Further investigation indicated that it was trying to push out inode
buffers that were pinned and/or locked. The xfsbufd was also getting
woken at the same frequency (by the xfsaild, no doubt) to push out
delayed write buffers. The xfsbufd was not making any progress
because all the buffers in the delwri queue were pinned. This scan-
and-make-no-progress dance went one in the trace for some seconds,
before the xfssyncd came along an issued a log force, and then
things started going again.
However, I noticed something strange about the log force - there
were way too many IO's issued. 516 log buffers were written, to be
exact. That added up to 129MB of log IO, which got me very
interested because it's almost exactly 25% of the size of the log.
He delayed logging code is suppose to aggregate the minimum of 25%
of the log or 8MB worth of changes before flushing. That's what
really puzzled me - why did a log force write 129MB instead of only
8MB?
Essentially what has happened is that no CIL pushes had occurred
since the previous tail push which cleared out 25% of the log space.
That caused all the new transactions to block because there wasn't
log space for them, but they kick the xfsaild to push the tail.

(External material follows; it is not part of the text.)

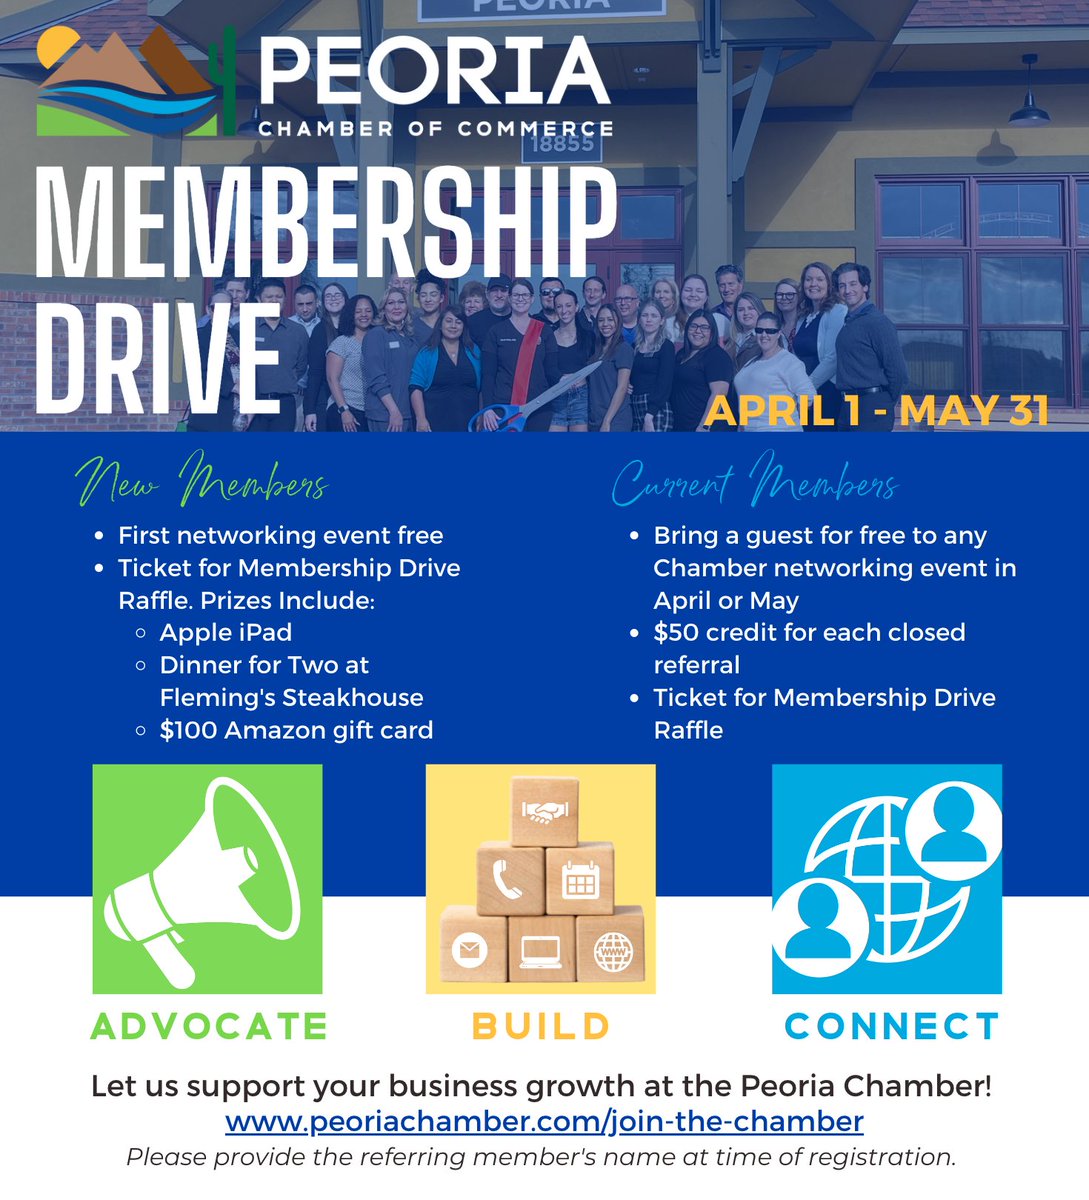 Announcing Peoria Chamber of Commerce's Membership Drive! Sign up from now until May 31st to get additional perks! Existing members- refer your friends and family to take advantage of this special limited time offer! #AdvocateBuildConnect

However, the xfsaild was not making progress because there were
buffers it could not lock and flush, and the xfsbufd could not flush
them because they were pinned. As a result, both the xfsaild and the
xfsbufd could not move the tail of the log forward without the CIL
first committing.
The cause of the problem was that the background CIL push, which
should happen when 8MB of aggregated changes have been committed, is
being held off by the concurrent transaction commit load. The
background push does a down_write_trylock() which will fail if there
is a concurrent transaction commit holding the push lock in read
mode. With 8 CPUs all doing transactions as fast as they can, there
was enough concurrent transaction commits to hold off the background
push until tail-pushing could no longer free log space, and the halt
would occur.
It should be noted that there is no reason why it would halt at 25%
of log space used by a single CIL checkpoint. This bug could
definitely violate the "no transaction should be larger than half
the log" requirement and hence result in corruption if the system
crashed under heavy load. This sort of bug is exactly the reason why
delayed logging was tagged as experimental....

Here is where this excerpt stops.